In contrast to the certificate required for non-venture issuers under National Instrument 52-109 - Certification of Disclosure in Issuers' Annual and Interim Filings ("NI 52-109"), the Venture Issuer Basic Certificate does not include representations relating to the establishment and maintenance of disclosure controls and procedures ("DC&P") and internal control over financial reporting ("ICFR"), as defined in NI 52-109. In particular, the certifying officers filing such certificate are not making any representations relating to the establishment and maintenance of:

(i) controls and other procedures designed to provide reasonable assurance that information required to be disclosed by the issuer in its annual filings, interim filings or other reports filed or submitted under securities legislation is recorded, processed, summarized, and reported within the time periods specified in securities legislation; and
(ii) a process to provide reasonable assurance regarding the reliability of financial reporting and the preparation of financial statements for external purposes in accordance with the issuer's GAAP (IFRS Accounting Standards).

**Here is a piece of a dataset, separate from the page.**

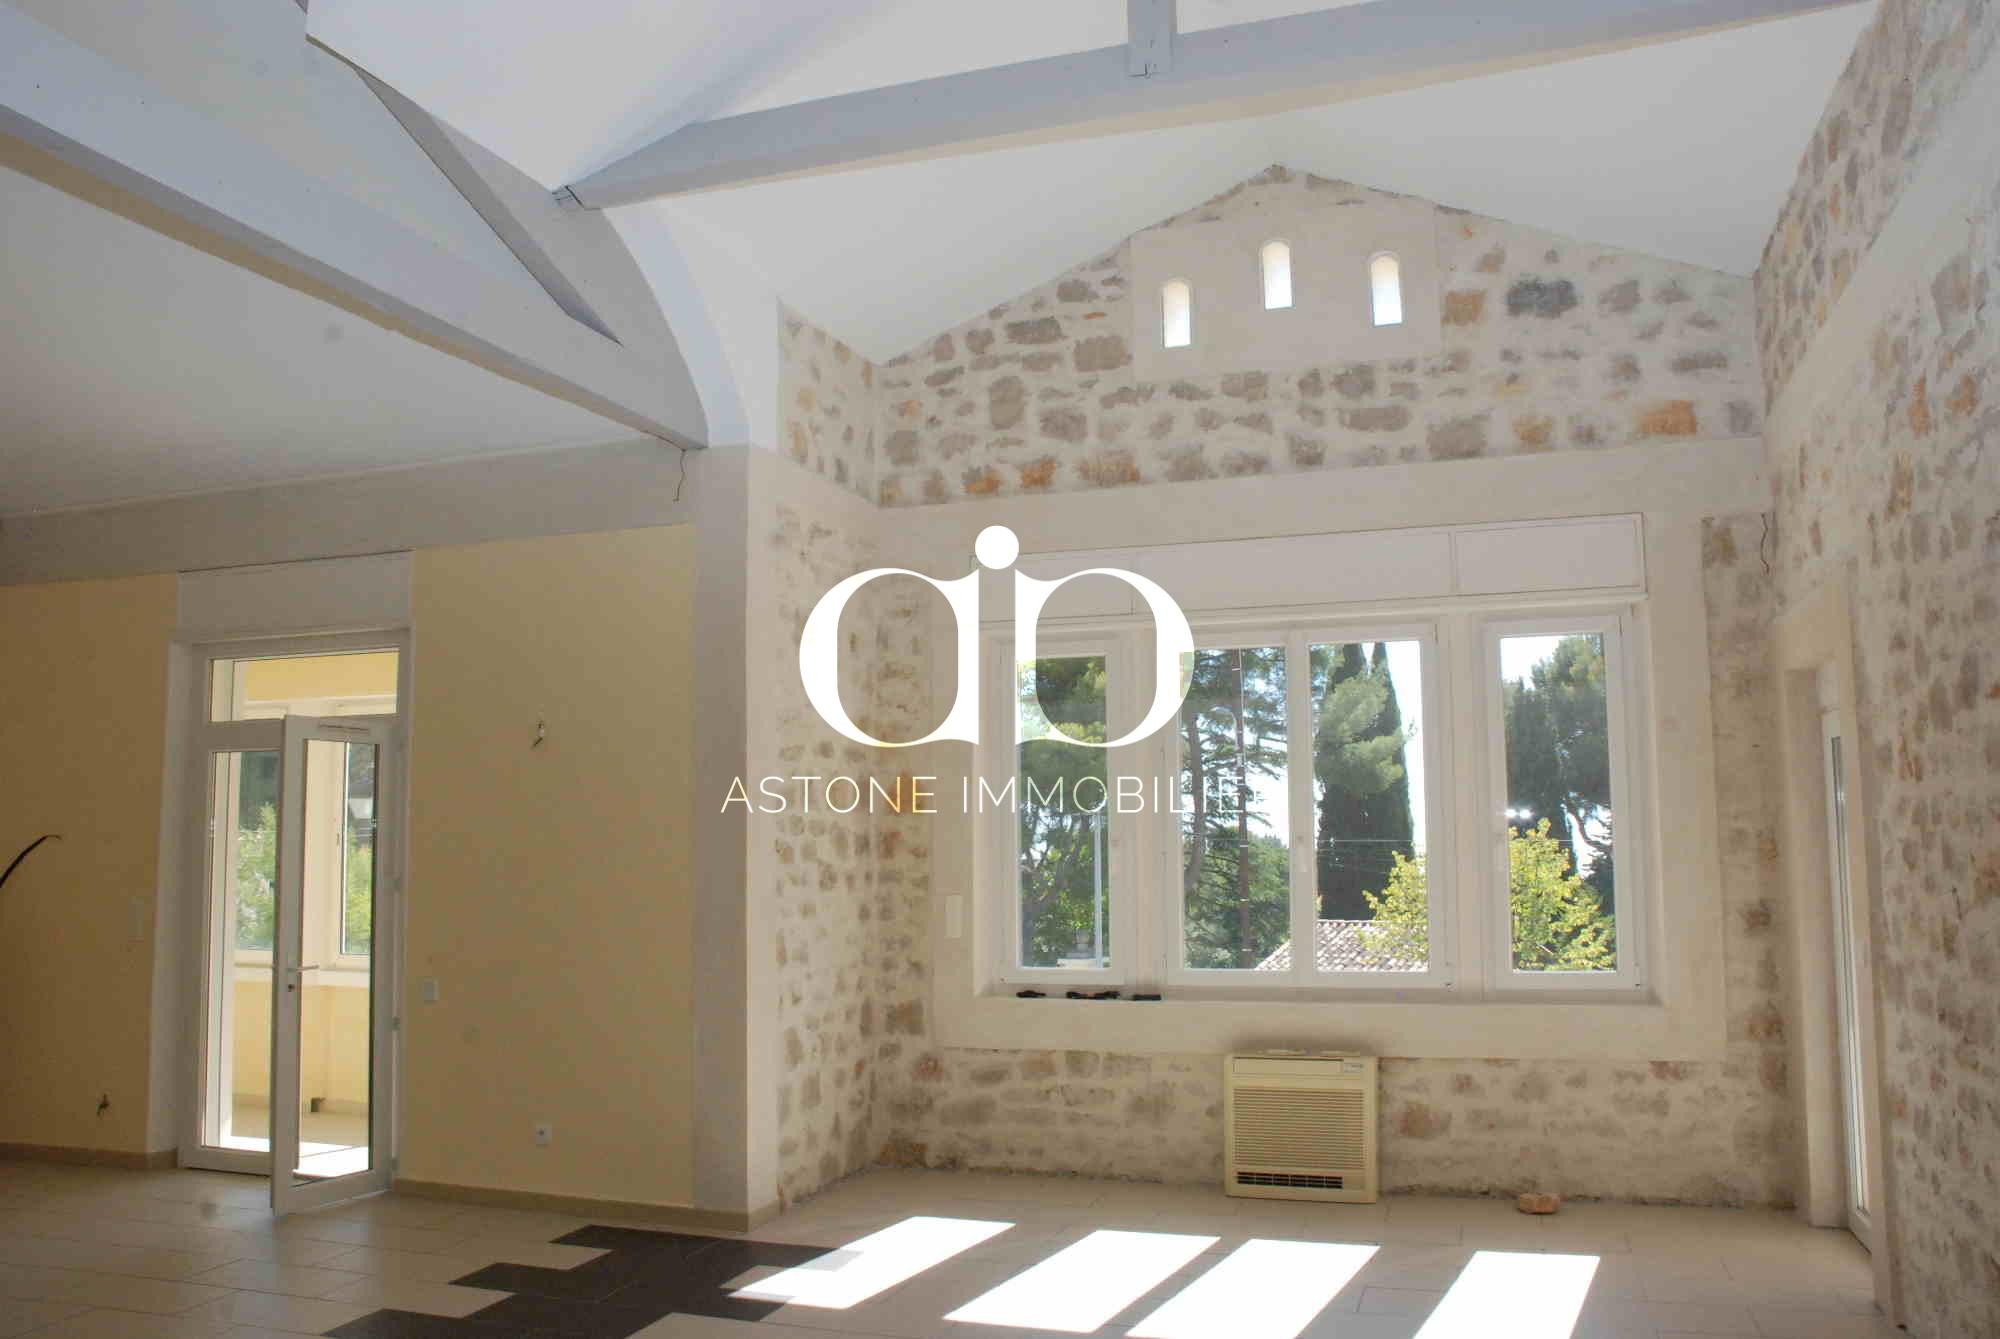 cassis maison gros potentiel a vendre astone immobilier. Black Bedroom Furniture Sets. Home Design Ideas
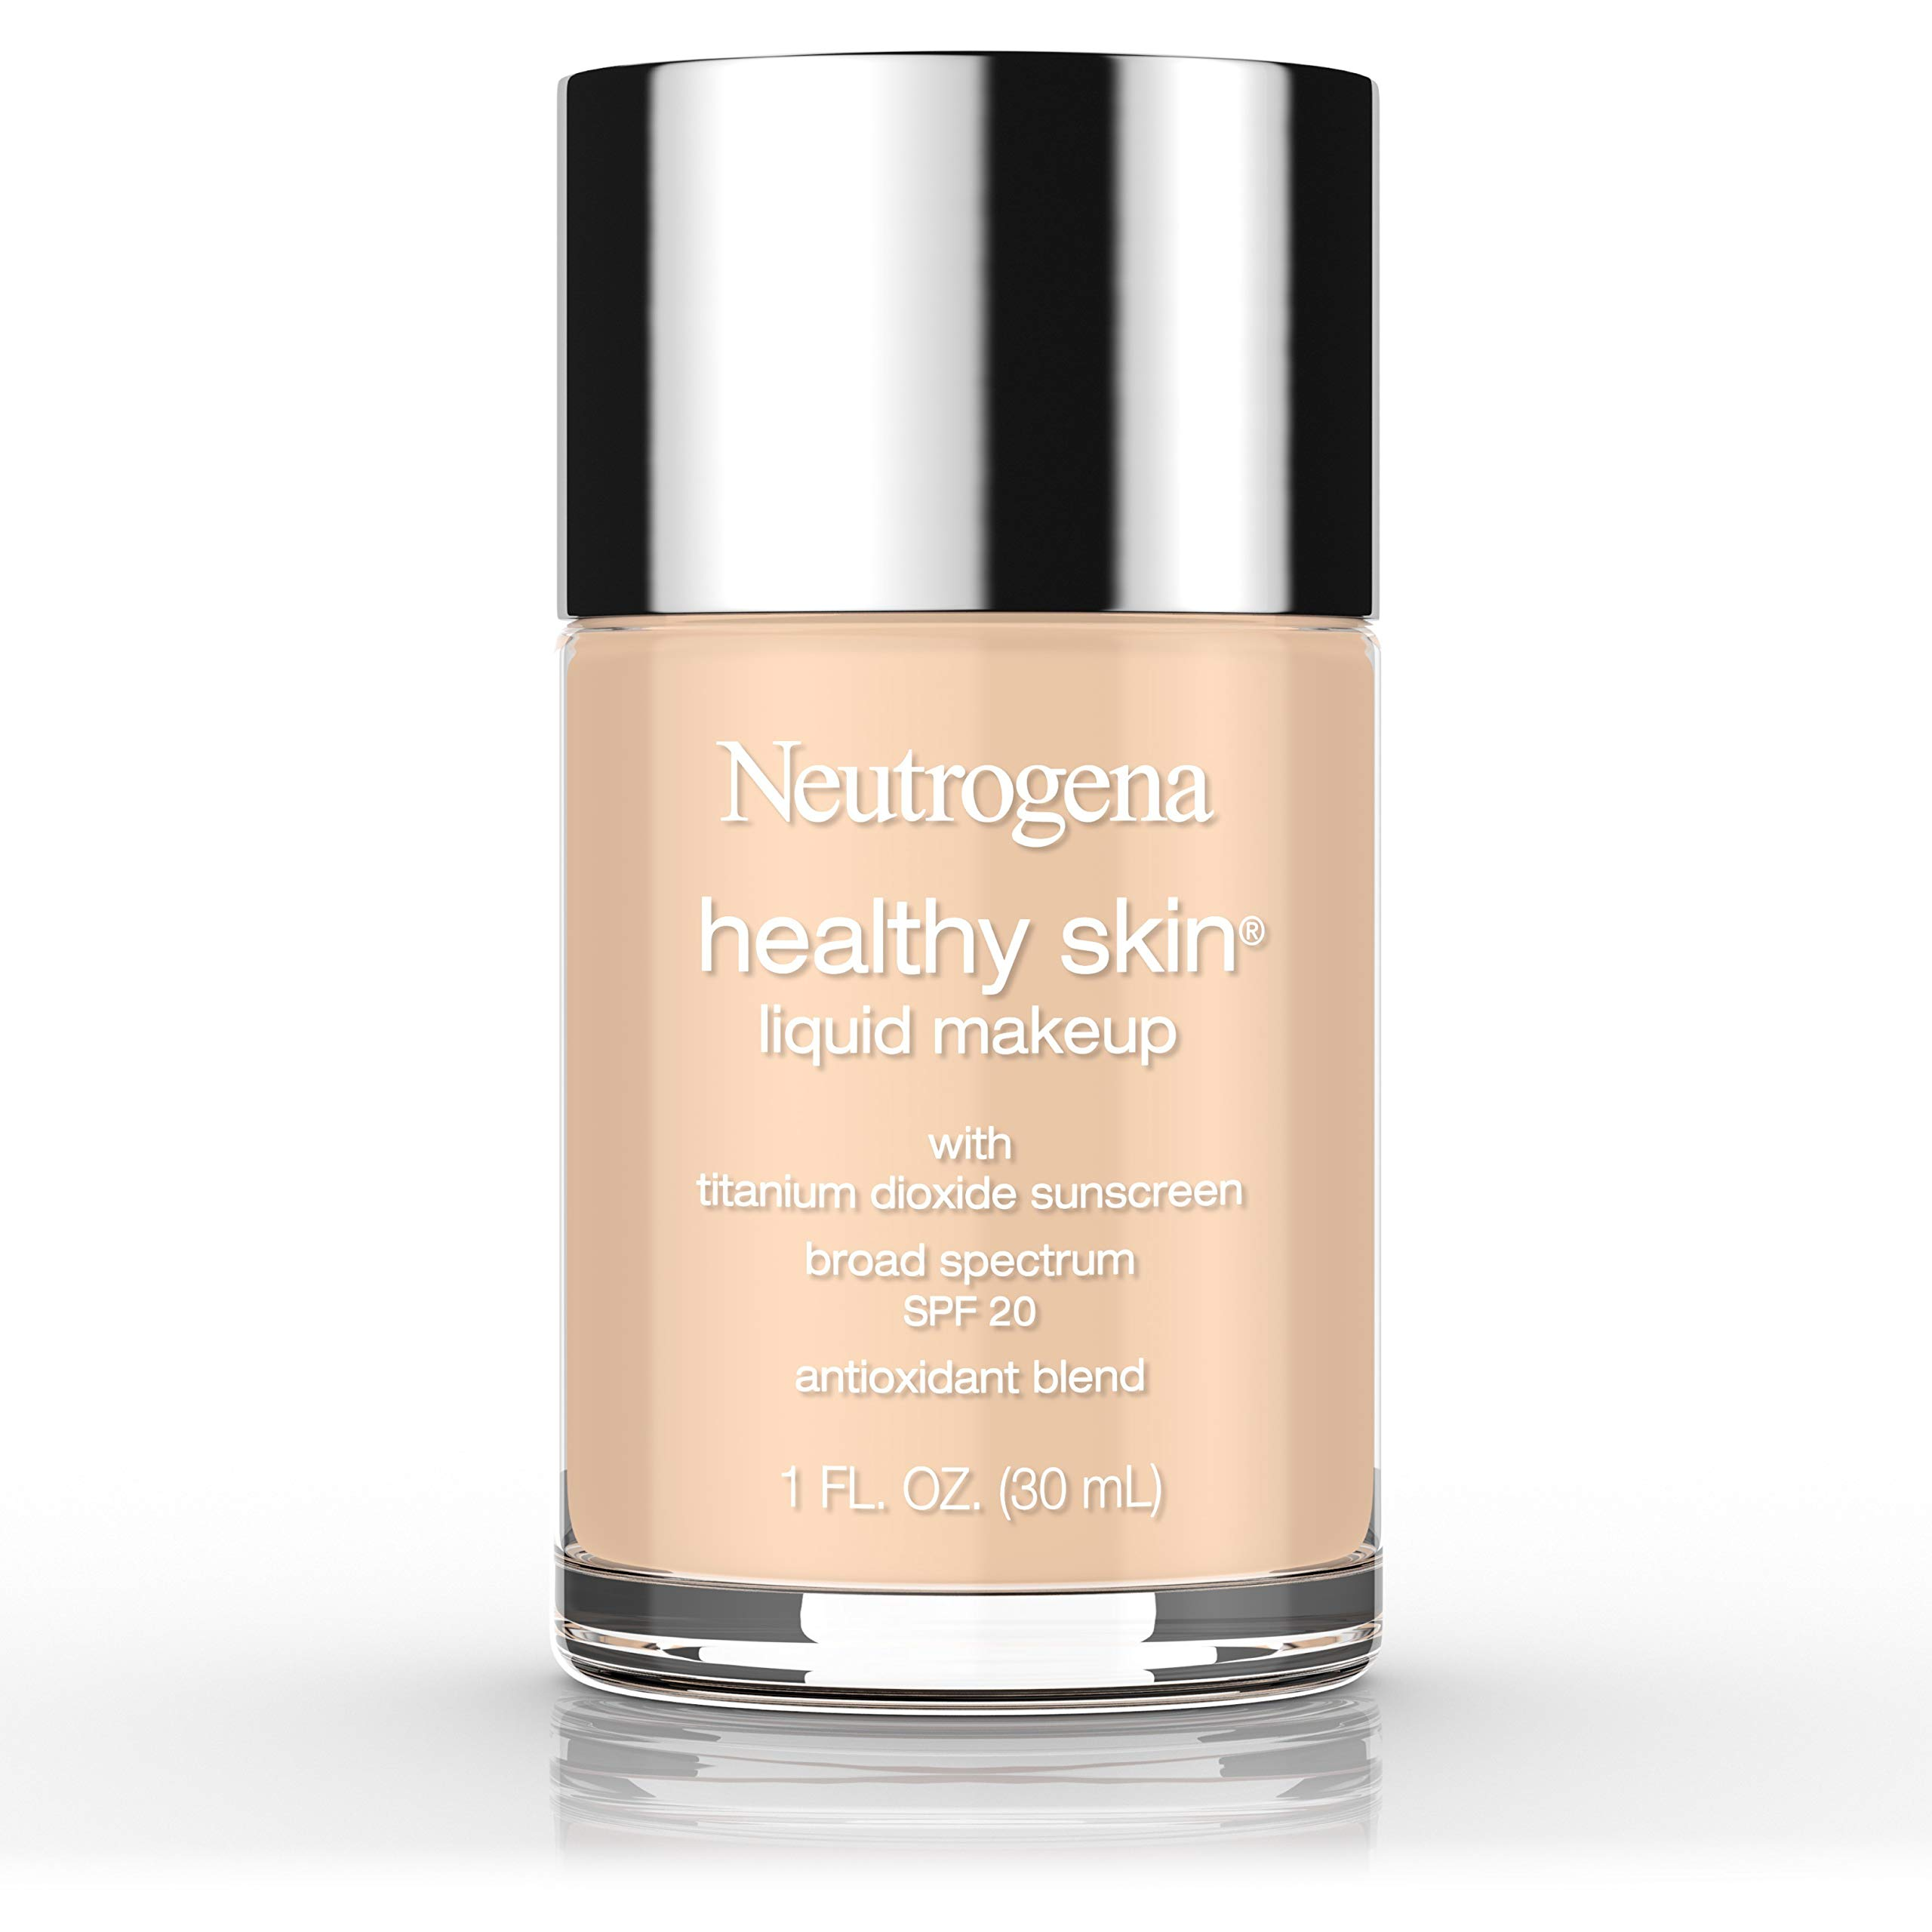 Neutrogena Healthy Skin Liquid Makeup Foundation, Broad Spectrum SPF 20 Sunscreen, Lightweight & Flawless Coverage Foundation with Antioxidant Vitamin E & Feverfew, Natural Beige, 1 fl. oz

The Company's certifying officers are responsible for ensuring that processes are in place to provide them with sufficient knowledge to support the representations they are making in the certificate. Investors should be aware that inherent limitations on the ability of certifying officers of a venture issuer to design and implement on a cost-effective basis DC&P and ICFR as defined in NI 52-109 may result in additional risks to the quality, reliability, transparency and timeliness of interim and annual filings and other reports provided under securities legislation.

Risk Factors and Additional Information

Please refer to the Company's most recent Annual Information Form filed on SEDAR+ at www.sedarplus.ca for further discussion of risk factors and other information.